- _Dataset content_:

--------------------------------------------------

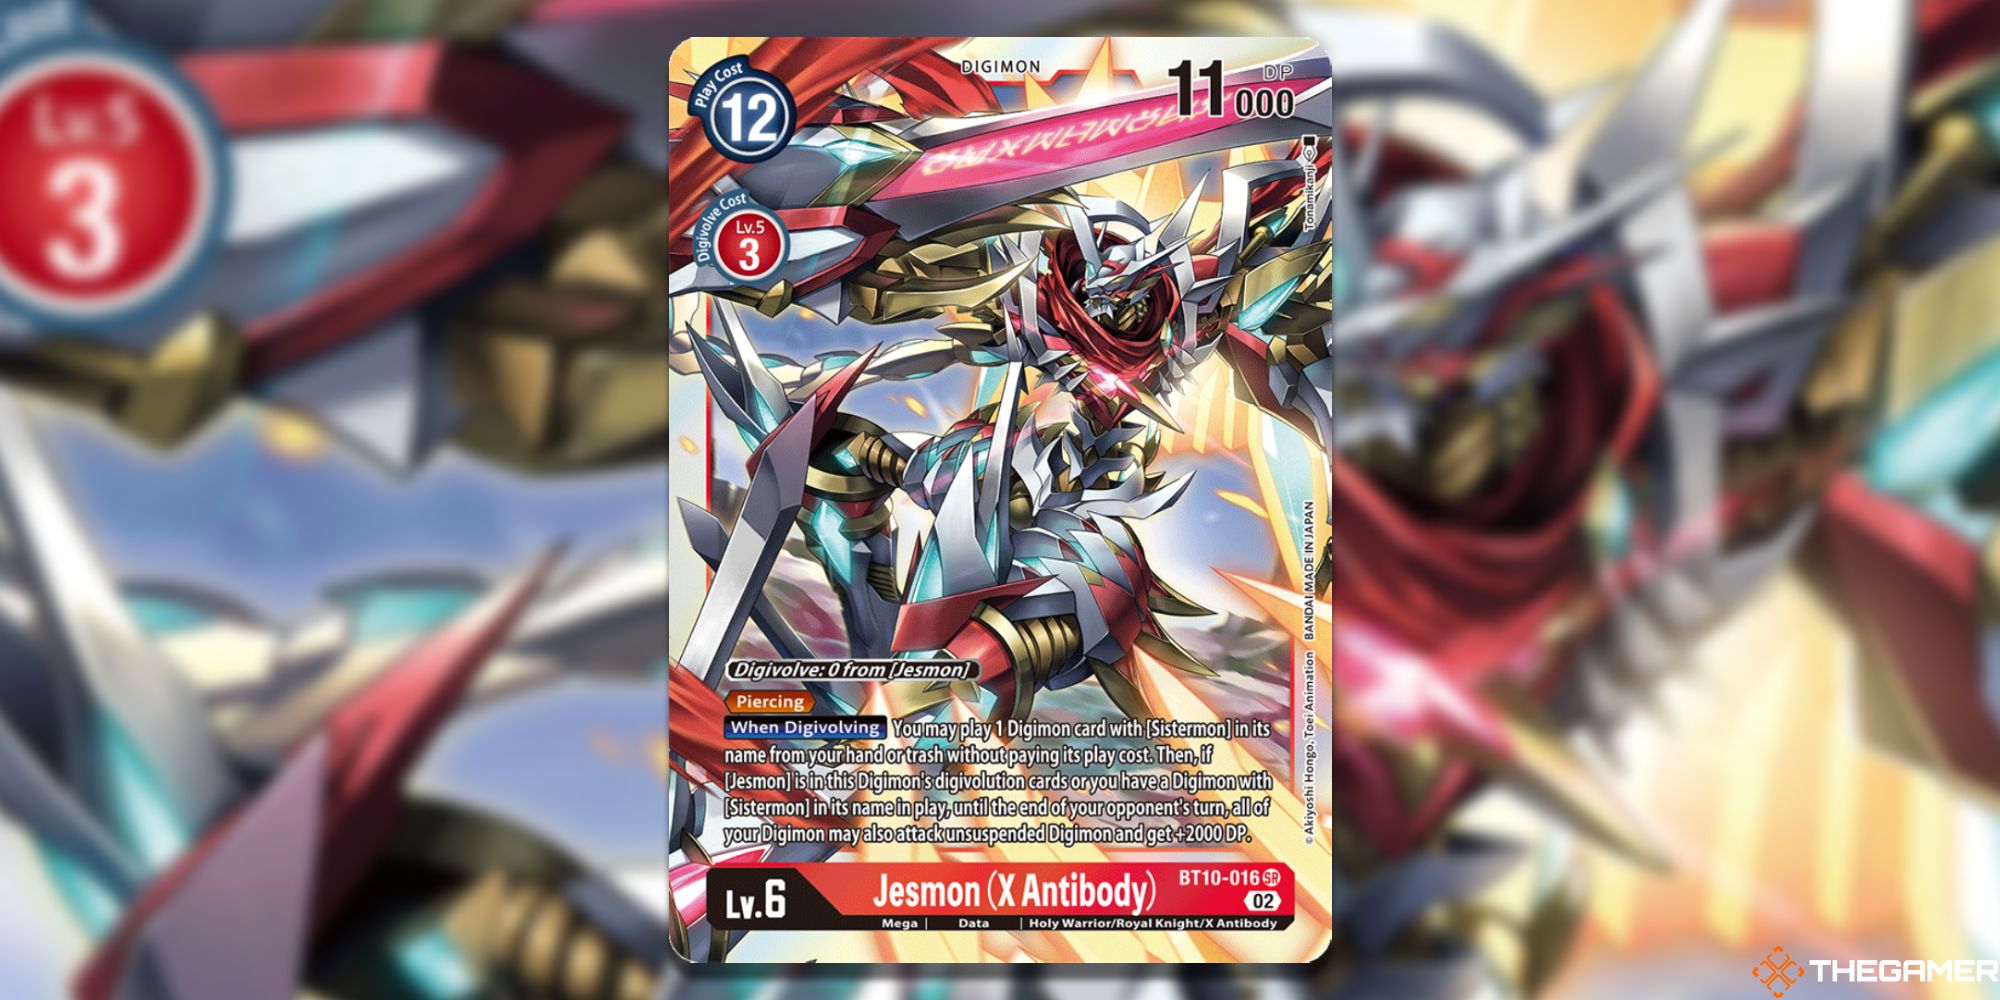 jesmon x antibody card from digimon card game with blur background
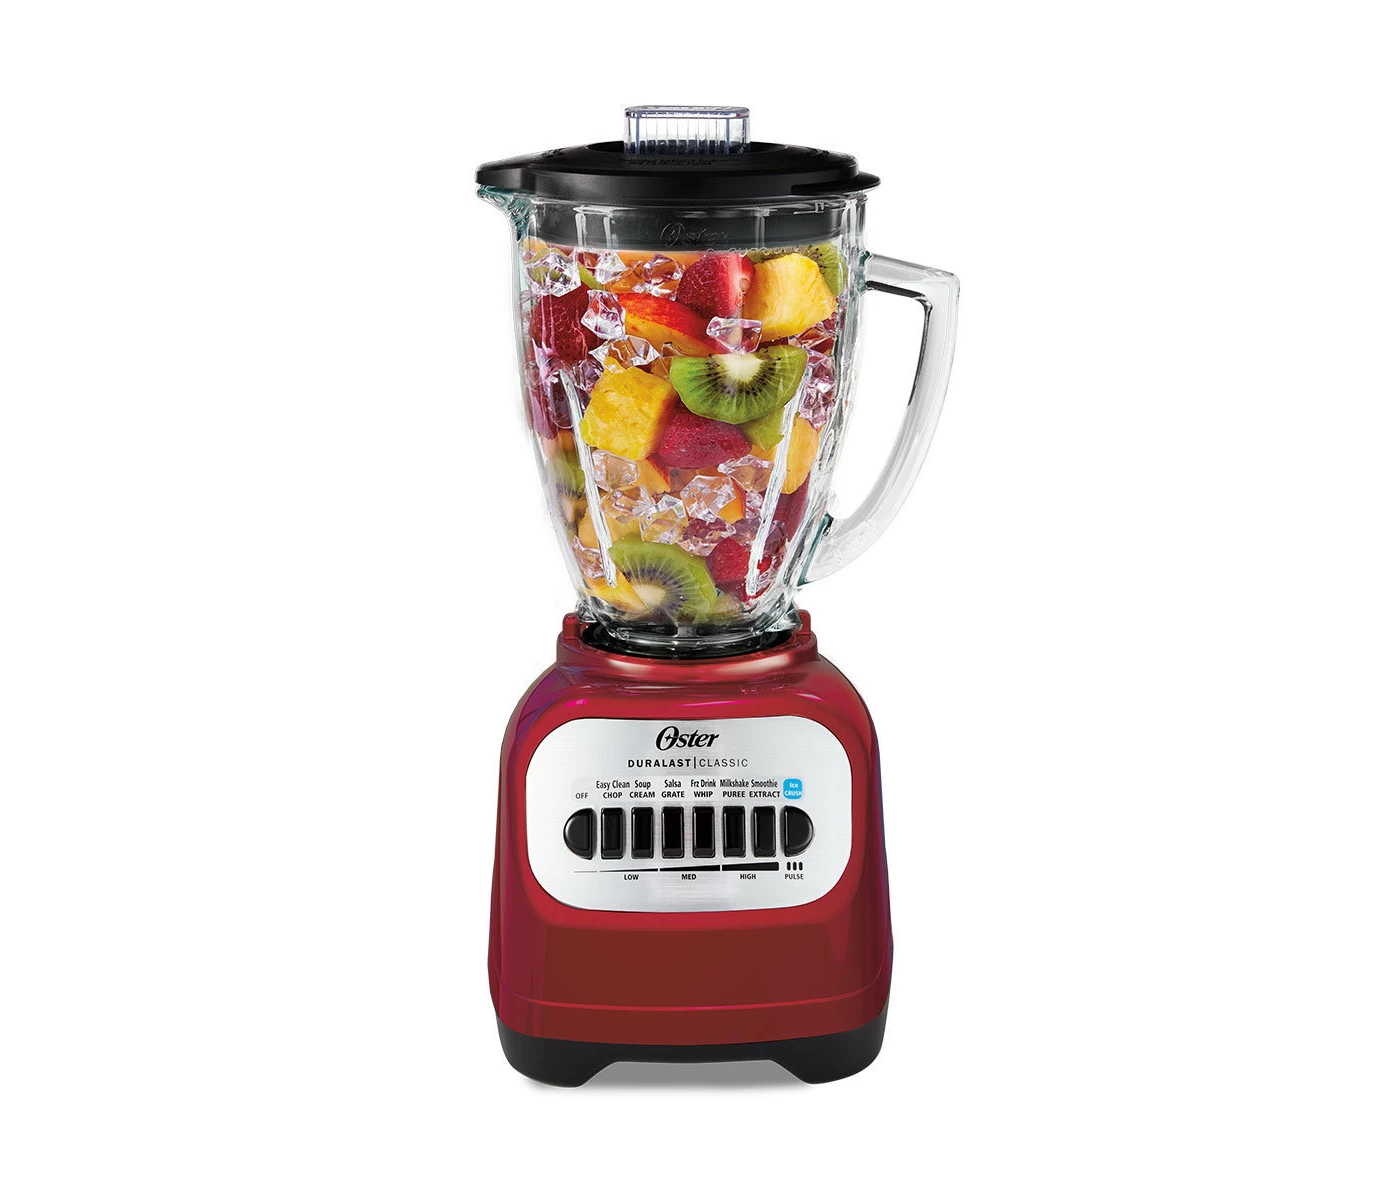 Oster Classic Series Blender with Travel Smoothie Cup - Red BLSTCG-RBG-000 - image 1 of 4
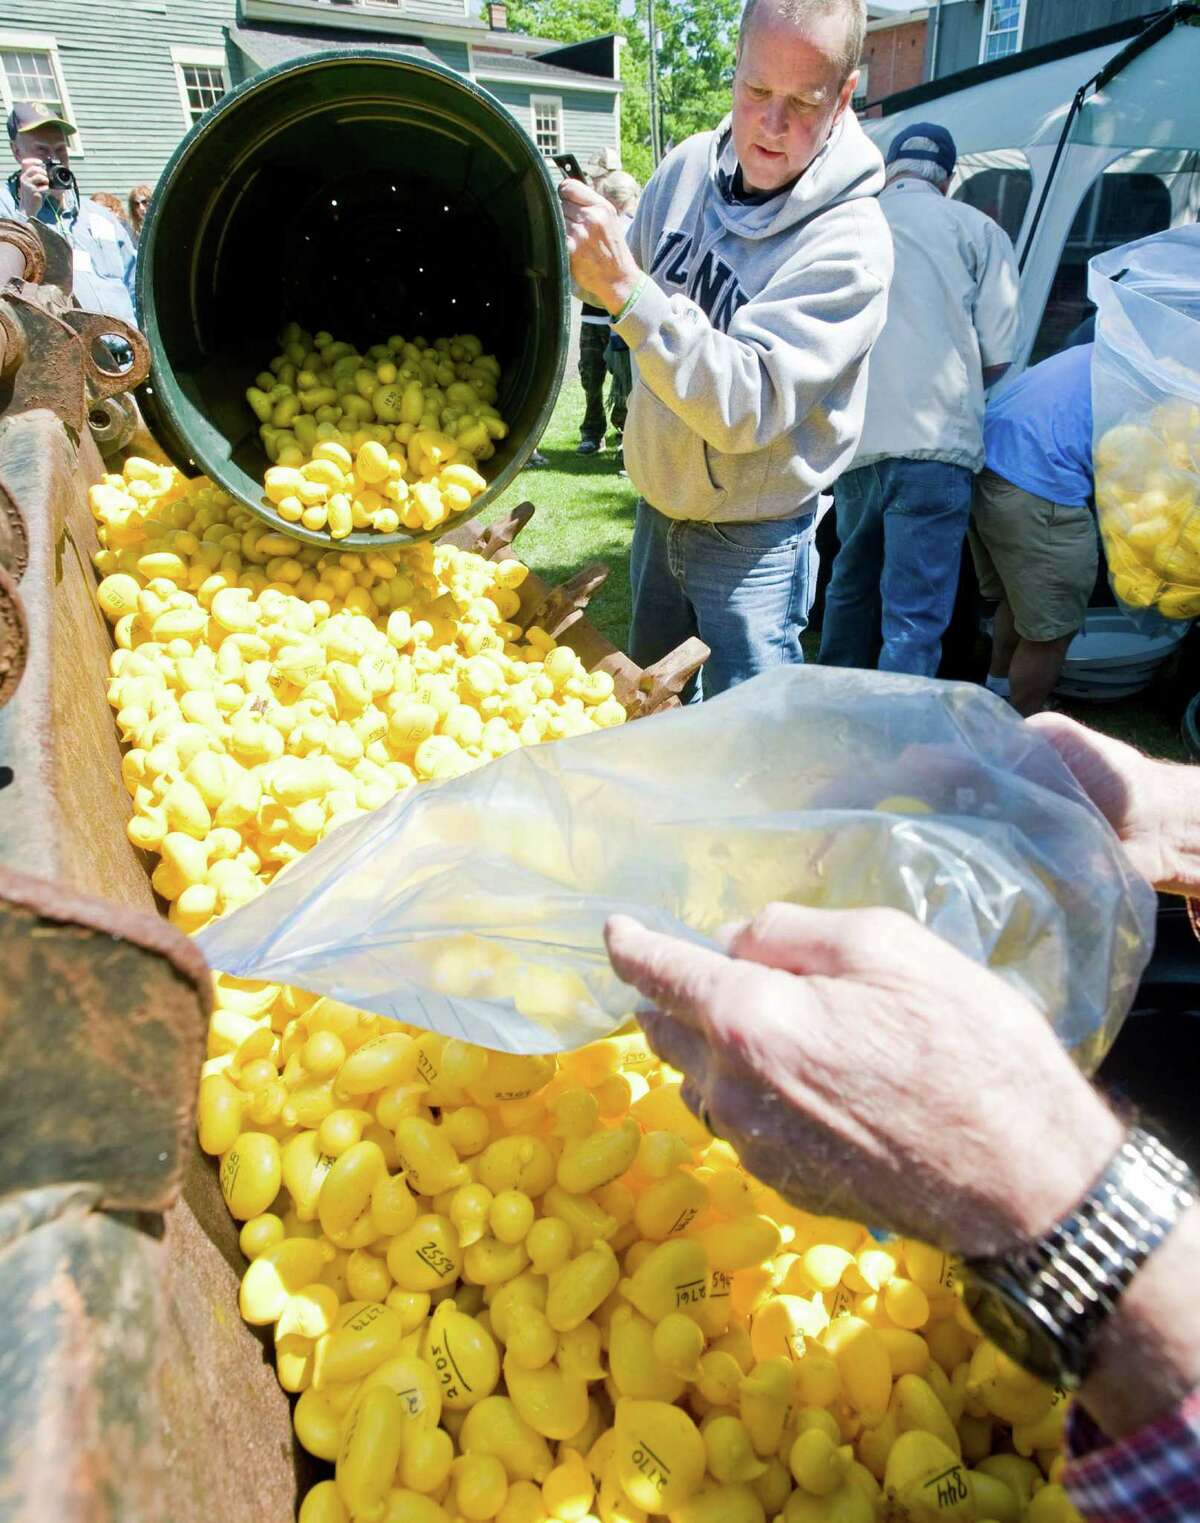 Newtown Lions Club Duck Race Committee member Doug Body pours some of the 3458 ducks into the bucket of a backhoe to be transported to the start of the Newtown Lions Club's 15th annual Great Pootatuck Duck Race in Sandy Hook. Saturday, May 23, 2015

--------------------------------------------------

- _Exercise instructions_: Once the pictures are removed, output the remaining material exactly.

- _Reply to the exercise_:
 jesmon x antibody card from digimon card game with blur background
 Oster Classic Series Blender with Travel Smoothie Cup - Red BLSTCG-RBG-000 - image 1 of 4
 Newtown Lions Club Duck Race Committee member Doug Body pours some of the 3458 ducks into the bucket of a backhoe to be transported to the start of the Newtown Lions Club's 15th annual Great Pootatuck Duck Race in Sandy Hook. Saturday, May 23, 2015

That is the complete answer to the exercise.